O pedido foi encaminhado ao Ministério da Justiça, que, por meio do departamento de recuperação de ativos e cooperação jurídica internacional, iniciou os procedimentos formais junto ao Itamaraty para viabilizar os trâmites com as autoridades italianas.
Violação de sigilo
Gonet imputa ao ex-assessor os crimes de violação de sigilo funcional, coação no curso do processo, obstrução de investigação de infração penal envolvendo organização criminosa e tentativa de abolição violenta do Estado Democrático de Direito.
Os fatos, segundo o MPF, ocorreram entre maio e agosto de 2023, período em que o perito, então assessor-chefe da Assessoria Especial de Enfrentamento à Desinformação do TSE, teria tornado públicos conteúdos sigilosos em colaboração com a imprensa.
Segundo a PGR, Tagliaferro teria seguido a mesma linha de atuação de integrantes da organização criminosa investigada nos inquéritos das milícias digitais, das fake news e da tentativa de golpe de Estado, ao selecionar trechos de diálogos visando comprometer a credibilidade das investigações em curso.

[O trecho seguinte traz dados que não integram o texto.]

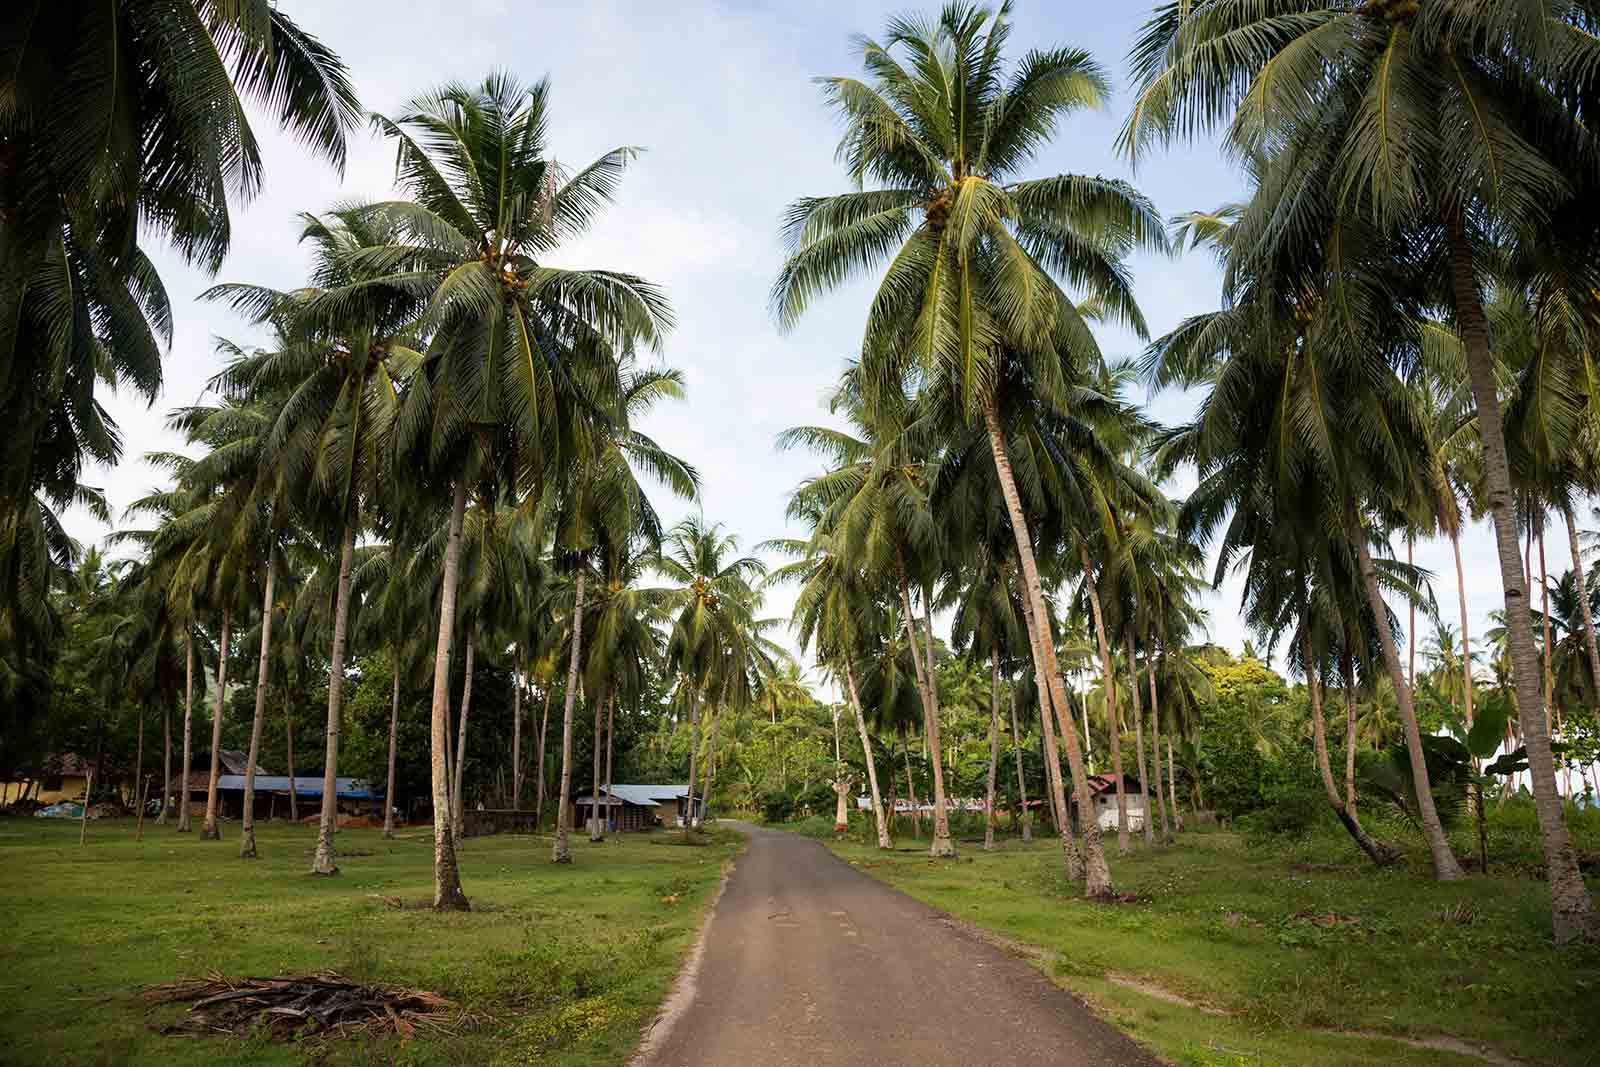 Maluku Islands: The way down south on Ambon islands lead us through several beautiful palm tree alleys.

Ainda segundo a denúncia, "o vazamento seletivo de informações protegidas por sigilo funcional e constitucional teve o nítido propósito de tentar colocar em dúvida a legitimidade das investigações que seguem em curso no STF, como estratégia para incitar a prática de atos antidemocráticos e desestabilizar as instituições republicanas".

Postar um comentário
Agradecemos pelo seu comentário!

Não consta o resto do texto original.